Food waste: a riddle, wrapped - or unwrapped? - in a mystery
After the crisis, Turner wants the onus put on recycling and waste management to prevent plastic pollution. He added that with fresh food produce witnessing an ‘extraordinary leap in demand’ as people self-isolate in their homes, what would be a ‘criminal outcome’ would be if we wasted more food in the process.
“If you start wasting any of that food stuff then its impact on the environment in terms of its use of resources is far greater than the packaging. Far better to package it and extend its life than reduce the packaging and not."
But, again, the argument for plastic packaging as a panacea for preventing food waste and its resultant methane gases is not black and white. According to Sutherland, for example, food wrapped in plastic to prevent food waste is counterproductive because it encourages consumers to leave it for longer. It’s much more likely to actually get eaten if not plastic wrapped, she believes.

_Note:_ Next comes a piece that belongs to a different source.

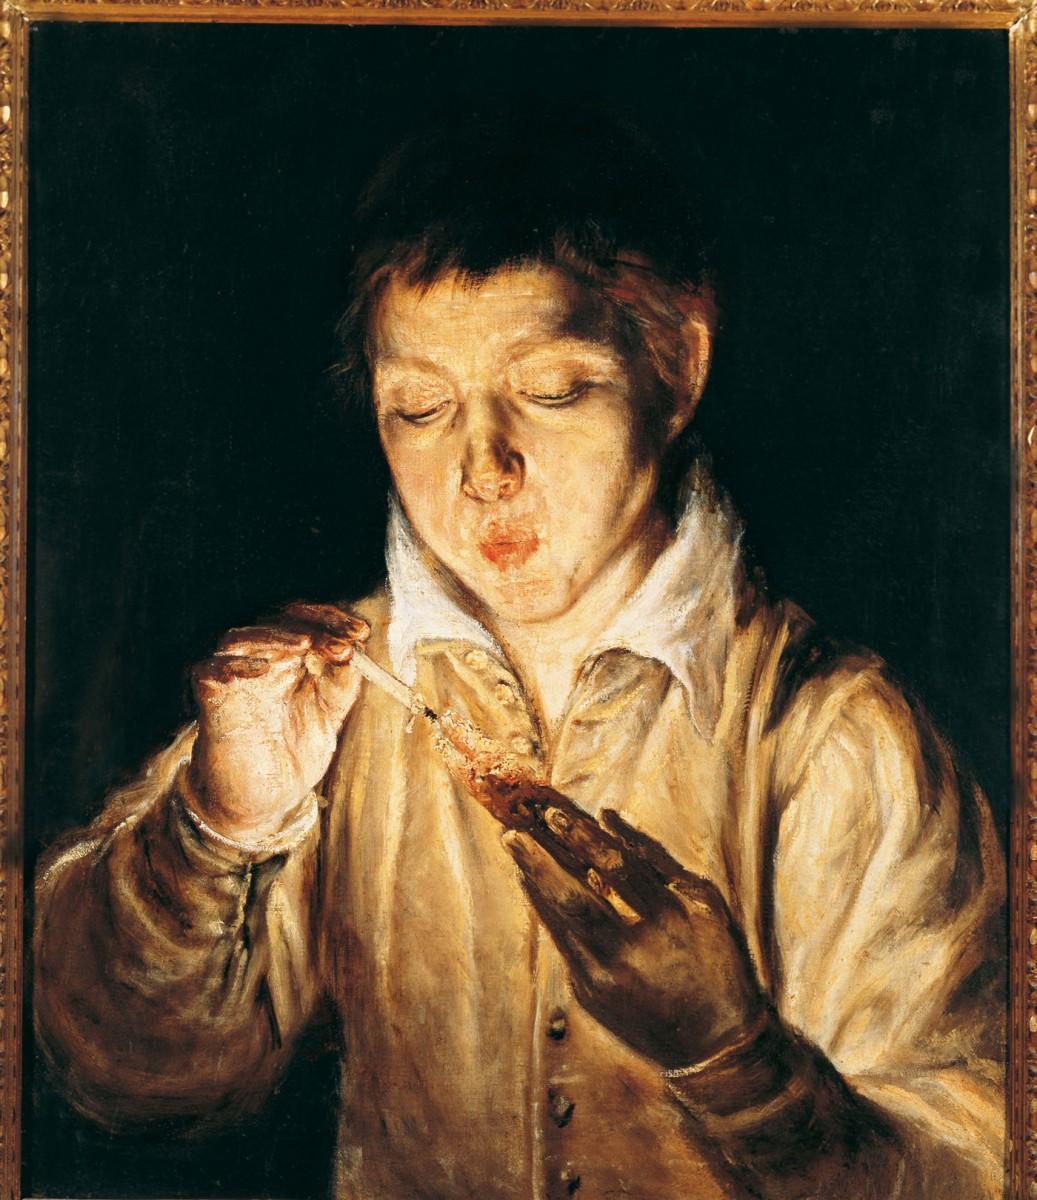 El Greco, A boy blowing a candle (Soplόn) 1570-72. Museo Nazionale di Capodimonte, Naples.

She adds that recycling is not a solution to plastic pollution. "Our waste management and recycling systems will never cope with the extraordinary levels of waste we produce. Household collection does not mean it is actually recycled. Plastic is one of the least recycled materials in the UK and the reality is that this significant increase in plastic packaging will end up being landfilled, exported or incinerated. There is nothing circular or sustainable about that."
She's also concerned that plummeting oil prices will give plastic producers an excuse to 'find ways to sell even more of it'.
Her plea to consumers, meanwhile, is simply to avoid the temptation to hoard food.
"If people are self-isolating there are many neighbourhood apps out there connecting you with volunteers to go and get your shopping for you. It’s so much better that none of us stockpile and that we shop for only what we need and we help each other through this."